Topics we’ll be covering include: the science of fear, the political and ideological construction of
fear, the rise of the risk society, and moral and mass panics. The case studies we’ll be discussing
are: Orson Welles’ 1938 War of the World broadcast, reactions to nuclear weapons, responses to
natural and technological disasters, the handling of epidemic diseases, the debate over GM foods,
and the threat of nanotechnological grey goo. And we’ll be reading selections from the
following texts:
Joanna Bourke, Fear: A Cultural History (2005)
Ulrich Beck, Risk Society: Towards a New Modernity (1992)
Betsy Hartmann, Banu Subramaniam, and Charles Zerner, eds., Making Threats:
Biofears and Environmental Anxieties (2005)

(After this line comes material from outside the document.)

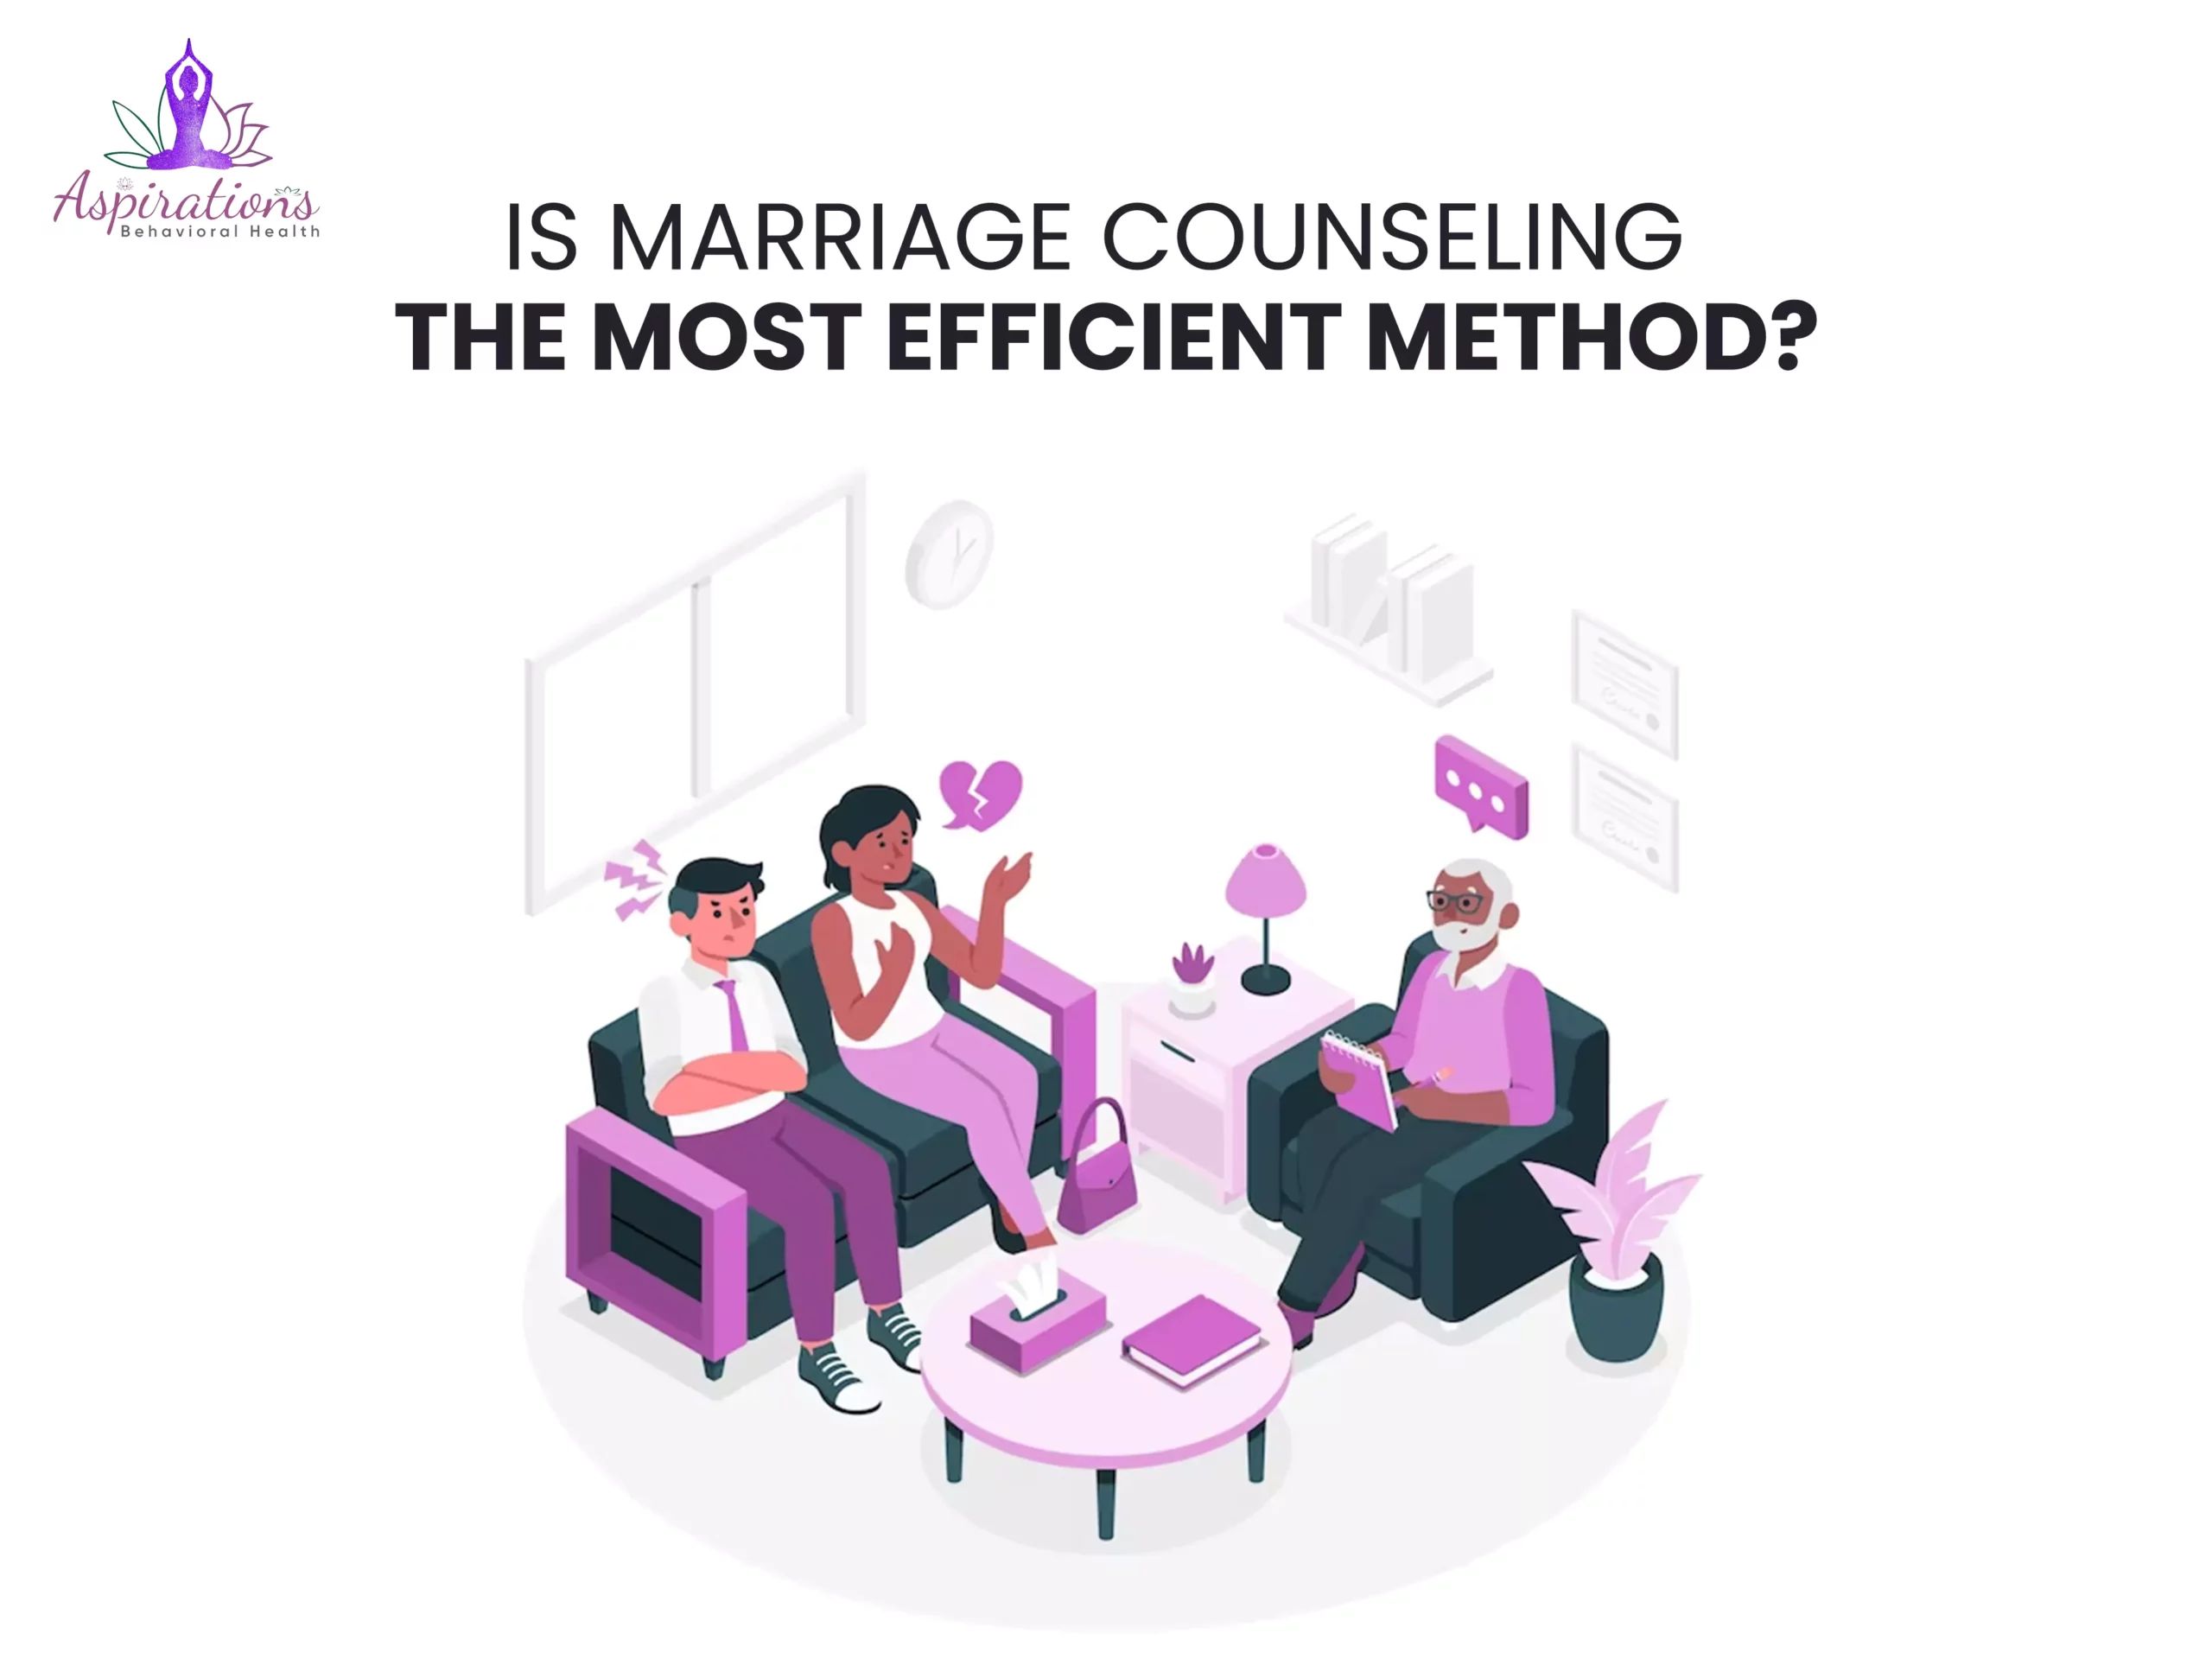 Is Marriage Counseling the Most Efficient Method?

Erich Goode and Nochman Ben-Yehuda, Moral Panics (1994)
Andrei S. Markovits and Karl W. Deutsch, eds., Fear of Science—Trust in Science (1980)
Jeffry V. Mallow, Science Anxiety: Fear of Science and How to Overcome It (1981)
Hadley Cantril, The Invasion from Mars (1940)
Spencer Weart, Nuclear Fear (1988)
Henry W. Fischer, Response to Disaster: Fact Versus Fiction and Its Perpetuation (2008)
So, join in…if you dare!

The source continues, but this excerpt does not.